– Стой, пастух! – говорит Катома-дядька. – Куда ты этих коров гонишь?
Отвечает ему царевич:
– На королевский двор гоню; королевна всякий раз сама поверяет, все ли коровы.
– Ну-ка, пастух, на́ тебе мою одёжу, надевай на себя, а я твою надену и коров погоню.
– Нет, брат, этого нельзя сделать; коли королевна уведает – беда мне будет!
– Не бойся, ничего не будет! В том тебе порука Катома-дядька дубовая шапка!
Иван-царевич вздохнул и говорит:
– Эх, добрый человек! Если бы жив был Катома-дядька, я бы не пас в поле этих коров.
Тут Катома-дядька дубовая шапка сознался ему, кто он таков есть; Иван-царевич обнял его крепко и залился слезами:
– Не чаял и видеть тебя!
Поменялись они своими одёжами; погнал дядька коров на королевский двор. Анна Прекрасная вышла на балкон, поверила, все ли коровы счётом, и приказала загонять их в сарай. Вот все коровы в сарай вошли, только последняя у ворот остановилась и хвост оттопырила. Катома подскочил:
– Ты чего, собачье мясо, дожидаешься? – схватил её за хвост, дёрнул, так и стащил шкуру!
Королевна увидала и кричит громким голосом:
– Что это мерзавец пастух делает? Взять его и привесть ко мне!
Тут слуги подхватили Катому и потащили во дворец; он идёт – не отговаривается, на себя надеется. Привели его к королевне; она взглянула и спрашивает:
– Ты кто таков? Откуда явился?
– А я тот самый, которому ты ноги отрубила да на пень посадила; зовут меня Катома-дядька дубовая шапка!
– Ну, – думает королевна, – когда он ноги свои воротил, то с ним мудрить больше нечего! – и стала у него и у царевича просить прощения; покаялась во своих грехах и дала клятву вечно Ивана-царевича любить и во всём слушаться.
Иван-царевич её простил и начал жить с нею в тишине и согласии; при них остался слепой богатырь, а Катома-дядька уехал с своею женою к богатому купцу и поселился в его доме.
Никита Колтома
В некотором царстве, в некотором государстве жил-был грозный царь – славен во всех землях, страшен всем королям и королевичам. Задумал царь жениться и отдал такой указ по всем городам и сёлам:
– Кто найдёт ему невесту краснее солнца, яснее месяца и белее снегу, того наградит он несметным богатством.
Пошла о том слава по всему царству; от малого до великого все судят, толкуют, а ни единый человек не вызывается отыскать такую красавицу. Недалеко от царского дворца стоял большой пивоваренный завод. Собрался как-то рабочий народ и завёл разговор, что вот-де можно бы много денег от царя получить, да где этакую невесту достать!
– Да, братцы, – говорит один мужик, по имени Никита Колтома, – без меня никому не найти для царя невесты; а коли я возьмусь, так наверно найду!
– Что ты, дурень, расхвастался! Где тебе, к чёрту, это дело сделать? Есть люди знатные, богатые – не нам чета, да и те хвосты прижали! Тебе и во сне этого не приснится, а не то что наяву…
– Да уж там как хотите, а я на себя надеюсь; сказал: достану – и достану!
– Эх, Никита, не хвались! Сам ведаешь, царь у нас грозный; за пустую похвальбу велит казнить тебя.

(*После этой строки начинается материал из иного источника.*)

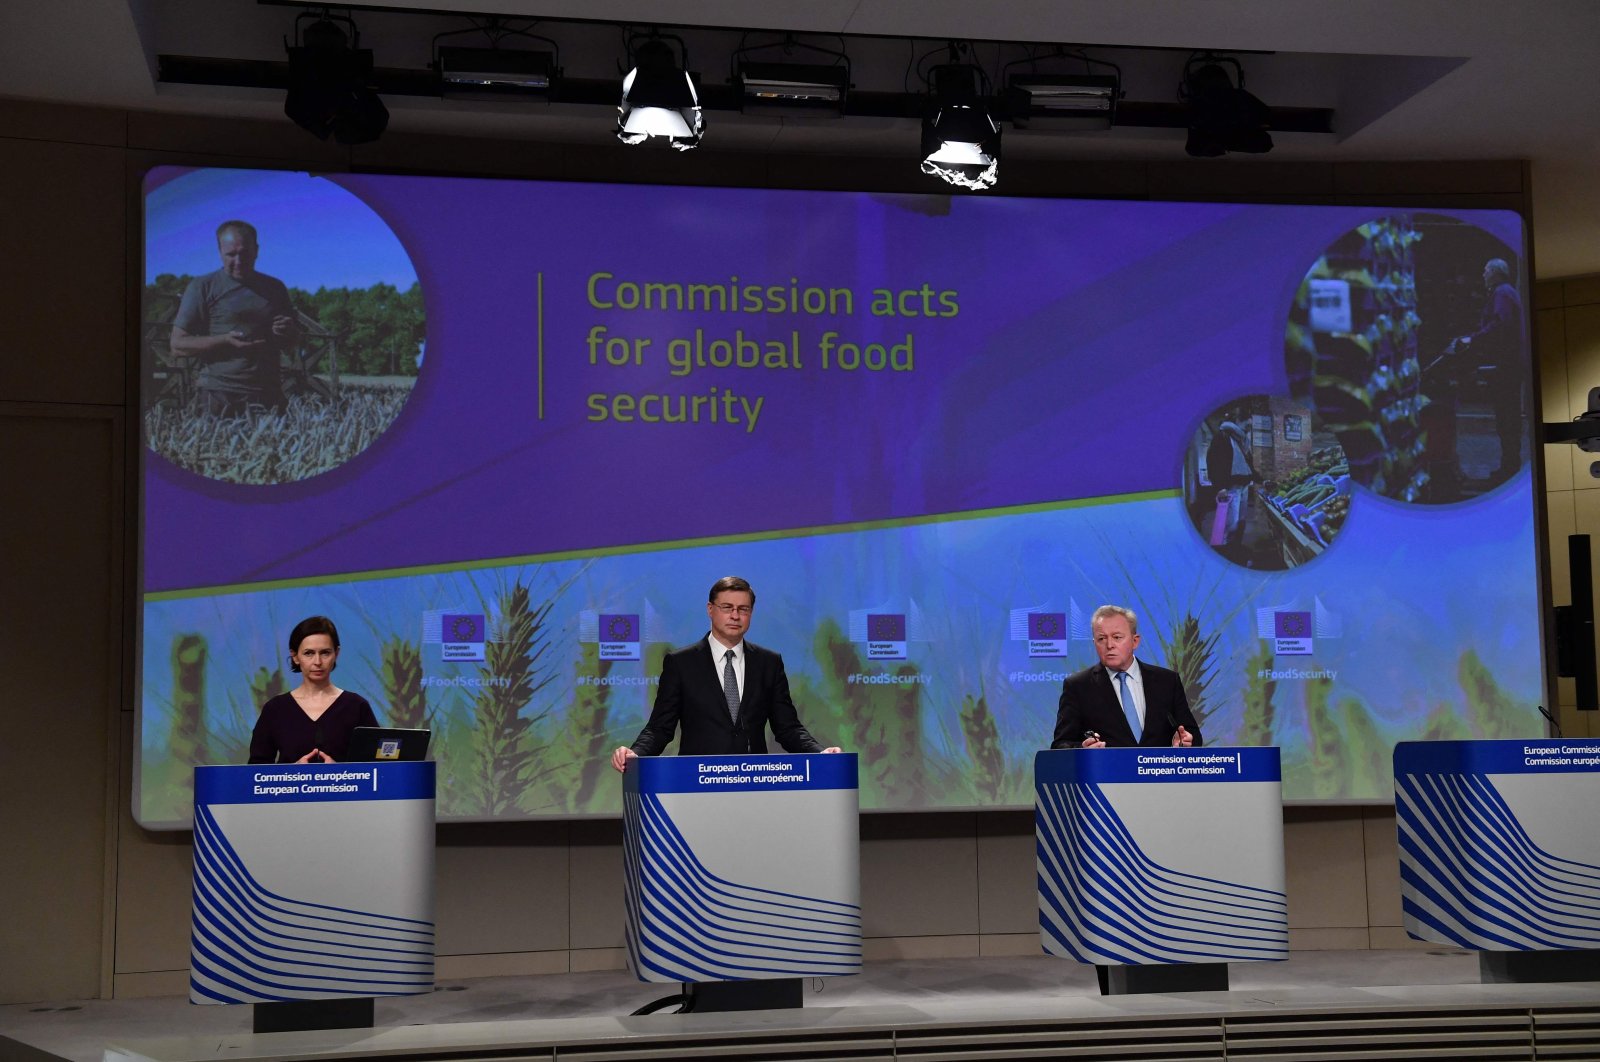 European Commission Vice-President Valdis Dombrovski (L) and EU Agriculture Commissioner Janusz Wojciechowski (R) give a press conference on safeguarding food security and reinforcing the resilience of food systems at the EU headquarters in Brussels, Belgium, March 23, 2022. (AFP Photo)

– Небось не казнит, а деньгами наградит.
Тотчас доложили эти речи самому царю; царь обрадовался и велел представить Никиту перед свои светлые очи. Набежали солдаты, схватили Никиту Колтому и потащили во дворец; а товарищи ему вслед кричат: «Что, брат, договорился? Ты думаешь с царём шутки шутить! Ну-ка ступай теперь на расправу!» Приводят Никиту в большие палаты; говорит ему грозный царь:
– Ты, Никита, похваляешься, что можешь достать мне невесту краше солнца, ясней месяца и белее снегу?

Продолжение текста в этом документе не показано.